Maelstrom on the coast

Mumbai's predominant colour may be grey, but dull is the last thing it is

The Mumbai skyline, December 17, 2005

The south Mumbai skyline © Getty Images


If there's a colour that defines Mumbai, it's grey. Glimpse it from the air in the daytime and you'll see a grey coastline and a grey ocean. As you touch down, you'll note the concrete and chrome towers, the shanty towns, the creeks and the roads - all grey.

But don't be fooled into believing the grey signifies dullness. On the contrary, the monochrome is the perfect foil to the city's colourful character.

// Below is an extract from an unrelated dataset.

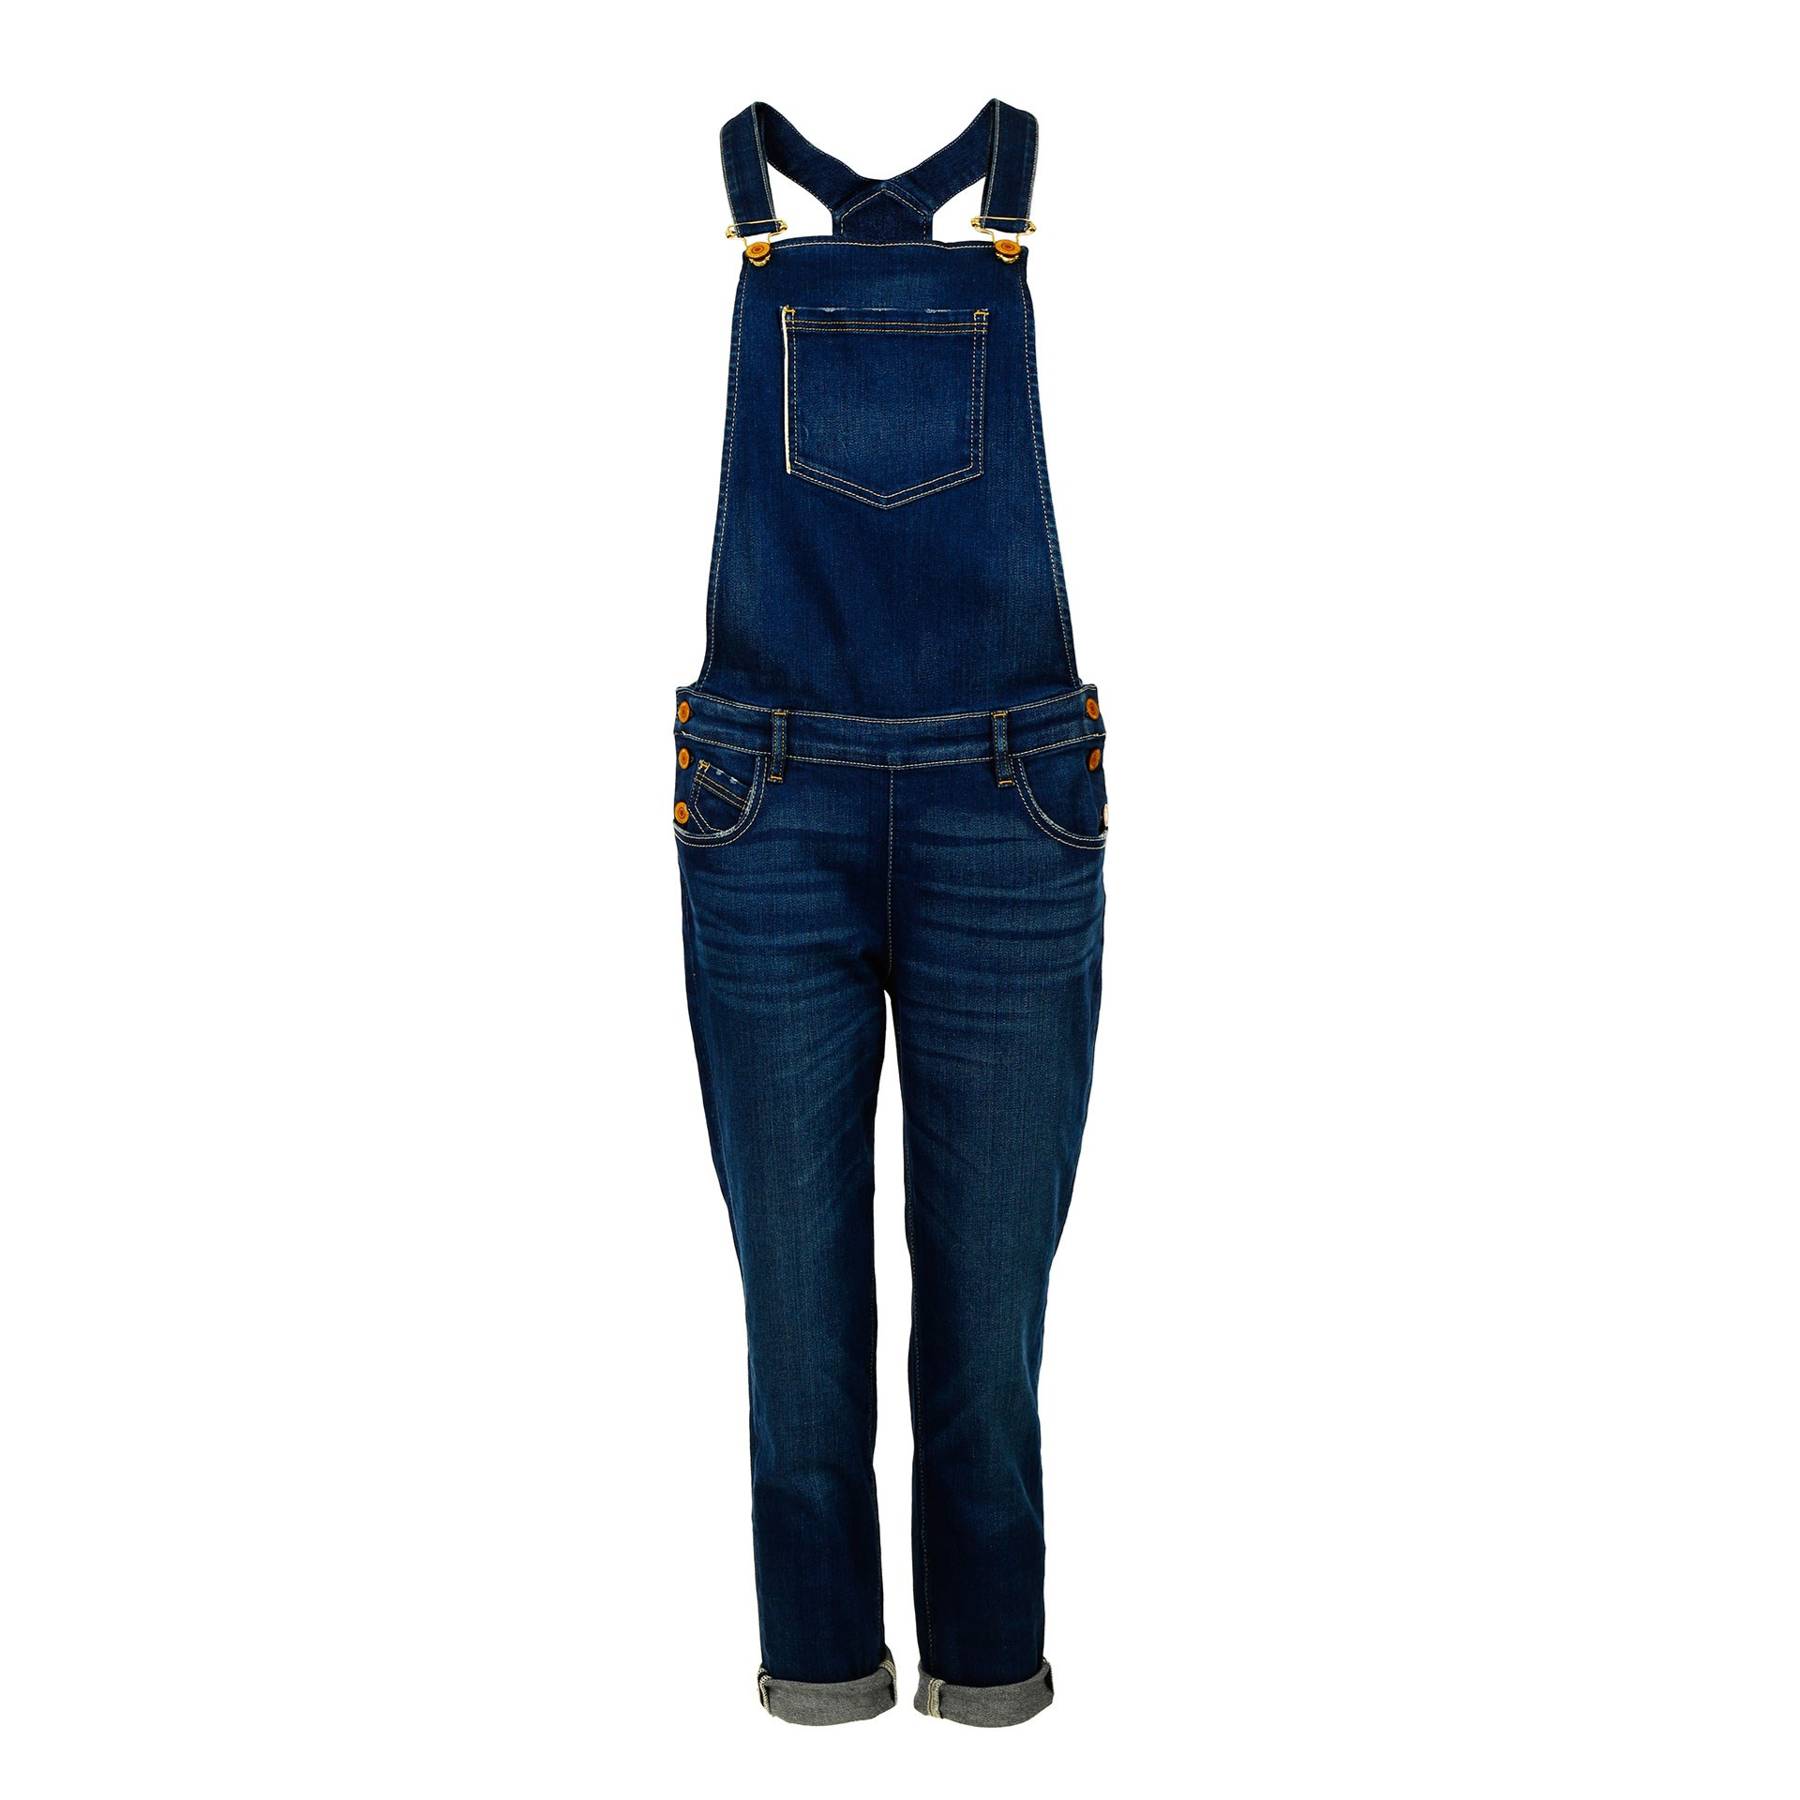 How to wear dungarees spring summer 2017 trend | Glamour UK

From the delicate pink flamingoes that visit the Sewri mud flats in the first half of the year to the fuchsia of a Bollywood actress's garb. The sandstone colonial buildings to the blazing red flame-of-the-forest blooms. The haphazard, honking traffic to the precision of commuter trains and lunch-delivering dabbawallahs. The plushest of hotels to the most rickety of hovels. From the cosmopolitan cacophony of dialects to the rich notes of a single musical instrument at the National Centre for Performing Arts. The fanfare of the Ganesha festival to the soft prayers in the Parsi fire temples. From hungry leopards spilling out of the Borivali National Park to much-loved stray dogs. From a slow-cooked biryani to a speedily crafted vada pao. From the single bulbs of the tiny fishing boats that go out to sea in the wee hours to the flashing strobelights of the nightclubs.

To savour every part of the city, you'd have to live in Mumbai for many lifetimes. But to get a glimpse into its soul, you only need a few days and an open mind.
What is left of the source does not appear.